This is an example of how color segmentation can be used to extract useful
information from a map. In this case we will delimit county boundaries in the
following map. Once again we
will use the ideas described in this wonderful
tutorial to find the
appropriate color ranges and segment the features we need. Click here to access the original notebook.
The map shown above is composed of 12 counties that are delimited by boundaries
which can have different colors. In addition, counties contain regions such as
lakes, that make the segmentation a bit trickier.
The following code converts the map to HSV space and transforms the pixel values
(e.g. normalization) to make them easier to plot. It’s usually better to plot
the color data using a script run from the terminal. This allows rotating the 3D
plot and facilitates the task of finding value ranges for the target colors. A
color_plot script is available in the
twoisprime package.
As you can see in the plot above, the map is ideal for color segmentation.
Colors are isolated and they seem to be easily separable. The next step is to
select the relevant colors and find the value ranges.

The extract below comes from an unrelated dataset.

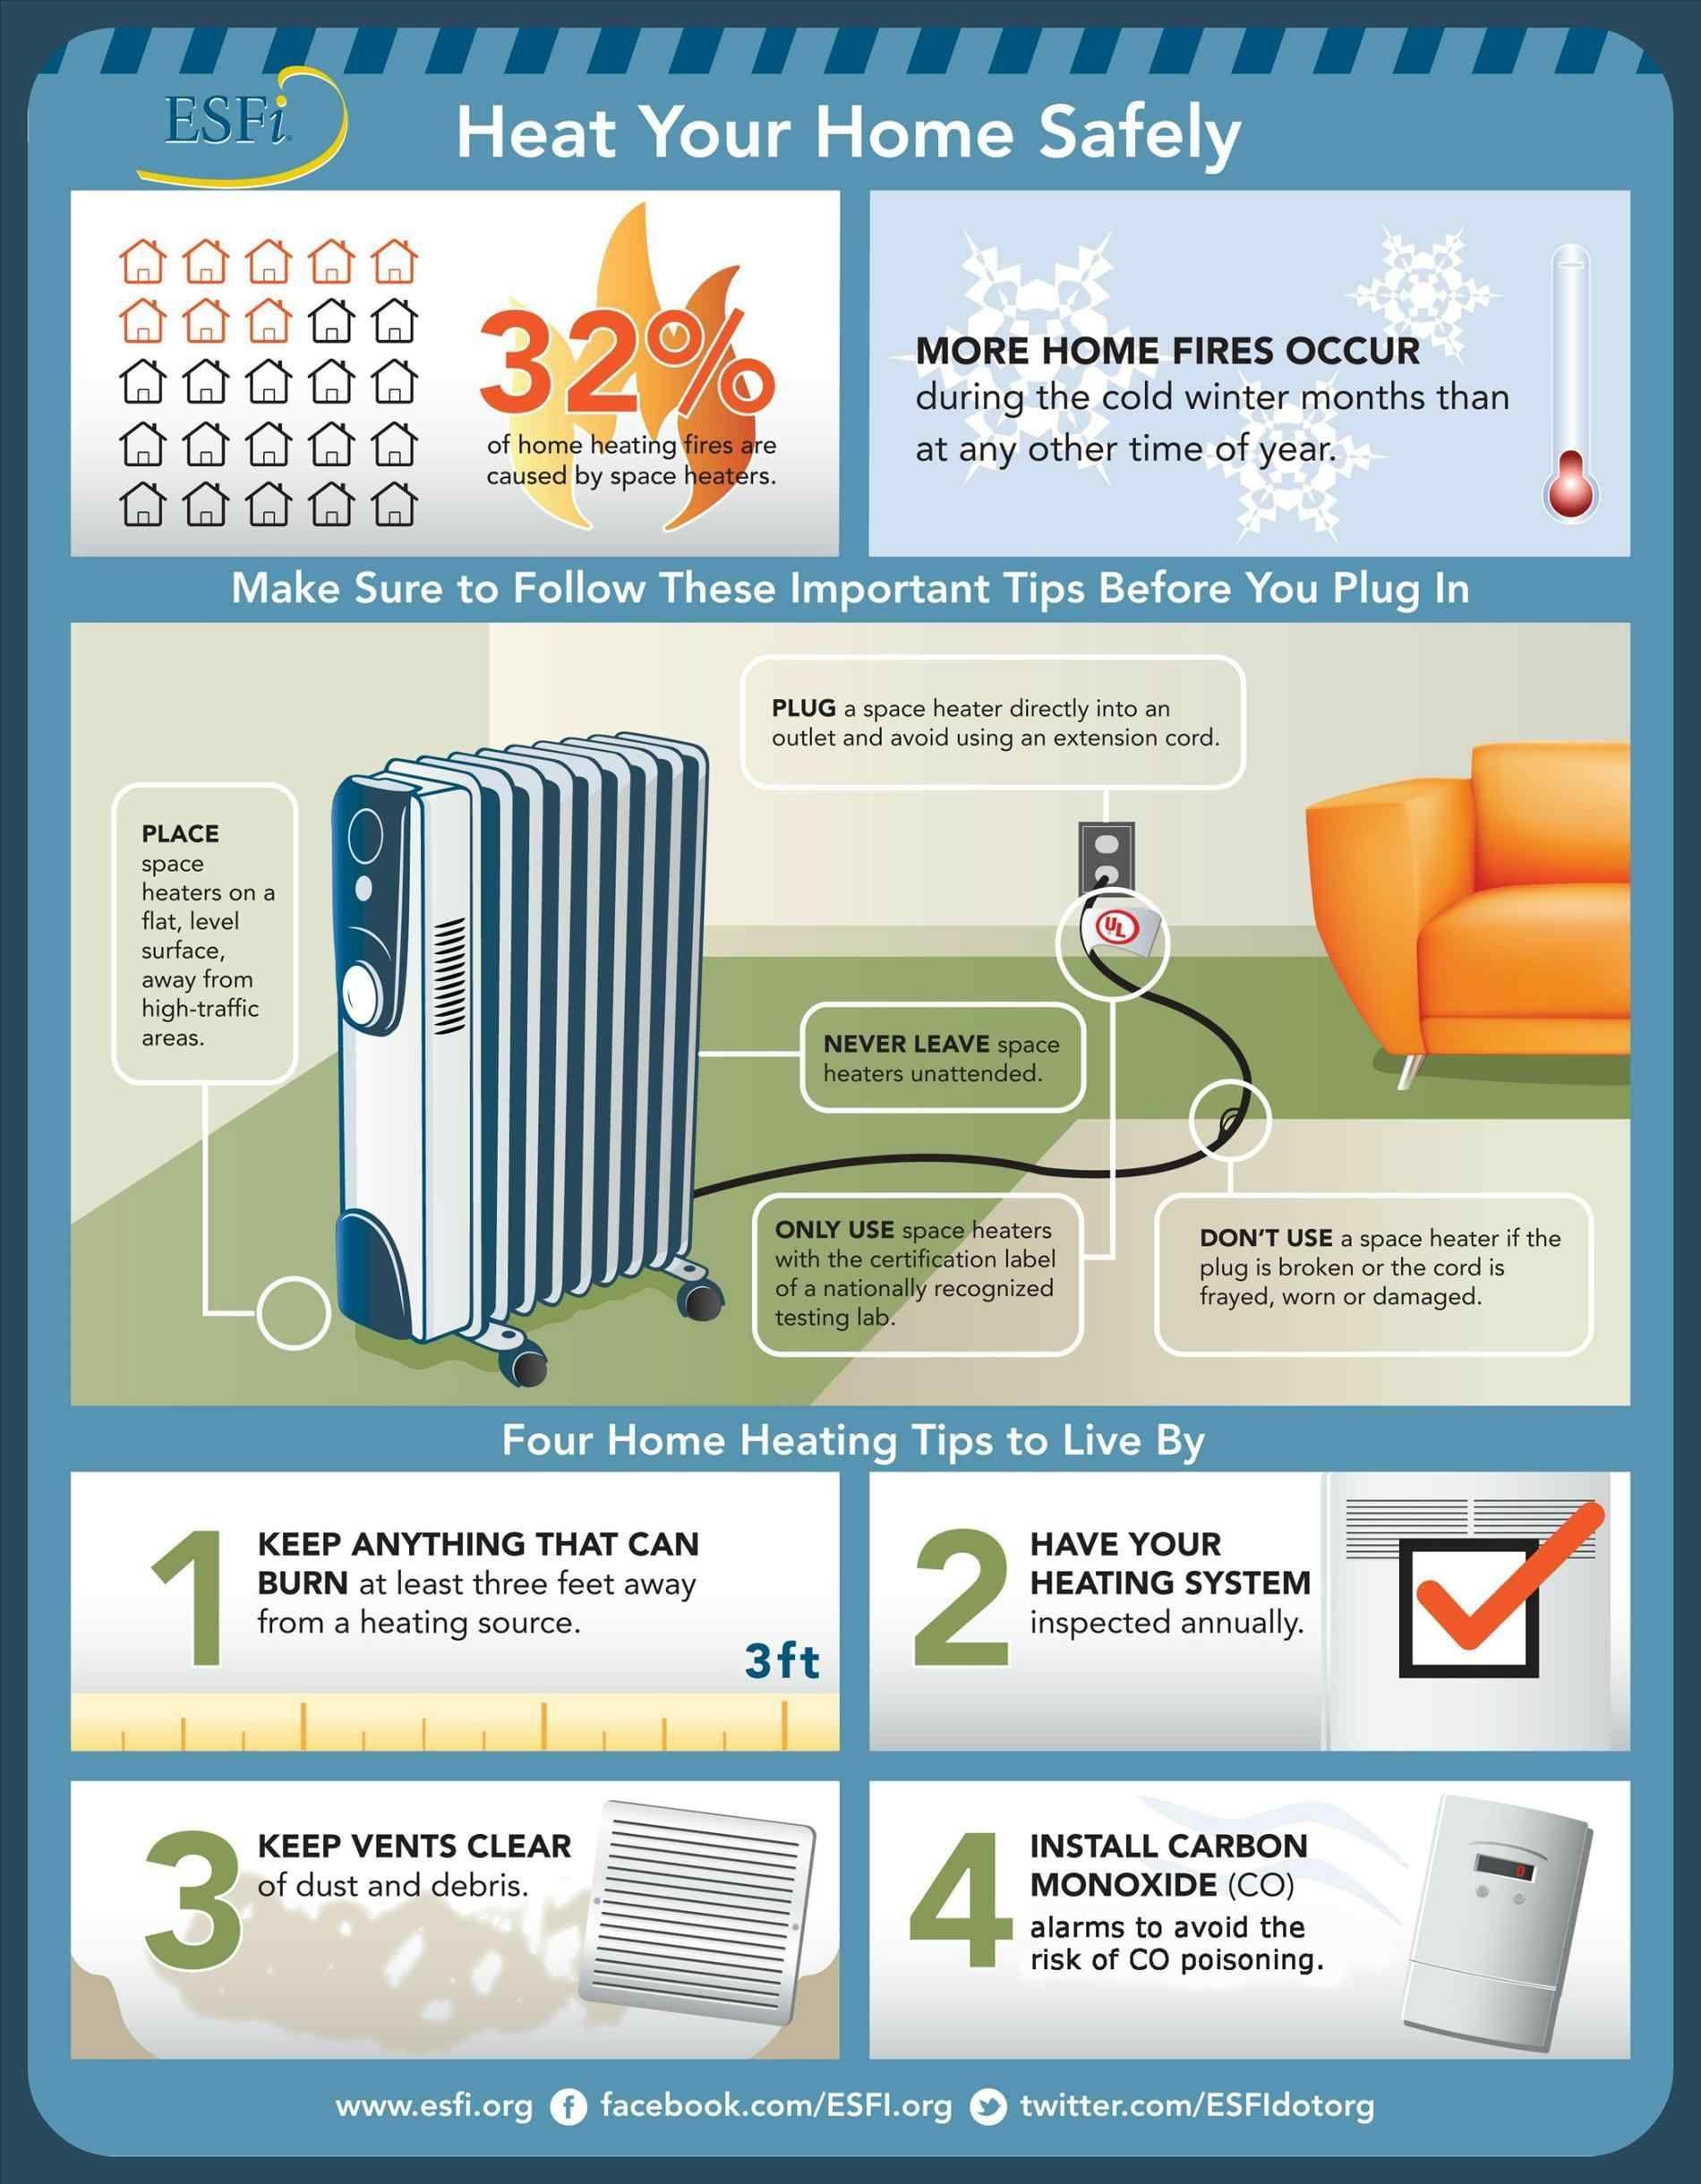 Sierramechanical Ofallonmo Home Heaters Safety Home Safety Tips Space Heater Safety Heating Systems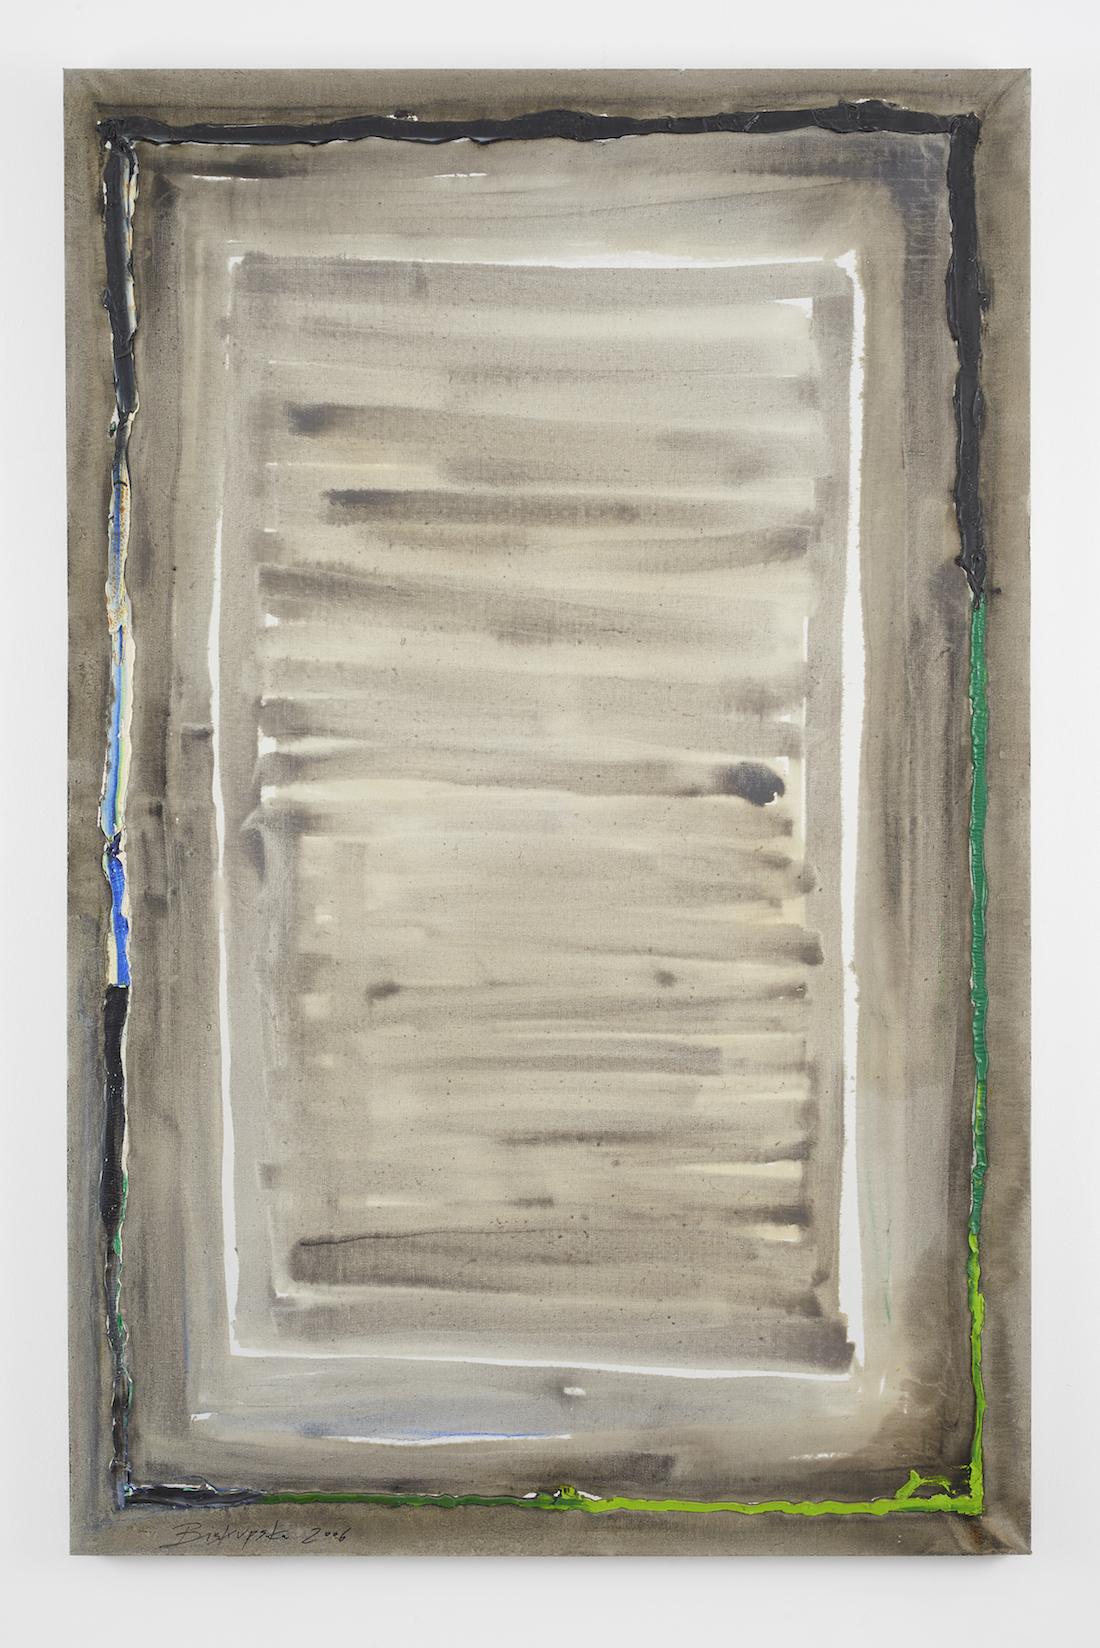 Bożenna Biskupska, Epiphany of Time, 2019, létrangère, installation view

For this we need to
inspect the plot, pick an approximate range, and refine it by checking the
result. By examining the map we can determine that county boundaries can contain
the colors pink, red/brown, yellow, blue/lake, gray, and green. We segment these
colors in the next few cells.
Combining all color segmentations and dilating the result produces a mask of the
county boundaries. It is important to notice that the red/brown color mix is
treated as a secondary layer because it is considered a county border only when
it appears together with another color layer. Dilation kernel sizes are chosen
in relation to the image width so that they are valid for similar maps which
have a different size.
Thresholding the color layer blend using an intermediate value allows removing
the red/brown part which is not part of the county boundaries.
The final step is to find the contours, filter by area, and display the results.
Selecting area values was done again in relation to the width so that we can
process similar maps with different sizes.